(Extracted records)

-----

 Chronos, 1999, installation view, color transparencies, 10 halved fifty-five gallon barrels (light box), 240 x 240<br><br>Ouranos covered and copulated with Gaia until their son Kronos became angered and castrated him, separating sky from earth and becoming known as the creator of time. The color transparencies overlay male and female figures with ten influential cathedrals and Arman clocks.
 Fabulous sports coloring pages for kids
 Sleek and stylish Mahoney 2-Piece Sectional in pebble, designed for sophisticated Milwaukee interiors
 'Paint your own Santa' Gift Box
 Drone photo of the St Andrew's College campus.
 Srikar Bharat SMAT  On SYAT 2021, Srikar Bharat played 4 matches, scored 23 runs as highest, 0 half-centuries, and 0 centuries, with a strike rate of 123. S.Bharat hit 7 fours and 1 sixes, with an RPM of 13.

-----

**Task details:** Your answer must be the line containing "Fabulous sports coloring pages for kids" through the last line above, copied exactly, with nothing added.

**Written reply:**
 Fabulous sports coloring pages for kids
 Sleek and stylish Mahoney 2-Piece Sectional in pebble, designed for sophisticated Milwaukee interiors
 'Paint your own Santa' Gift Box
 Drone photo of the St Andrew's College campus.
 Srikar Bharat SMAT  On SYAT 2021, Srikar Bharat played 4 matches, scored 23 runs as highest, 0 half-centuries, and 0 centuries, with a strike rate of 123. S.Bharat hit 7 fours and 1 sixes, with an RPM of 13.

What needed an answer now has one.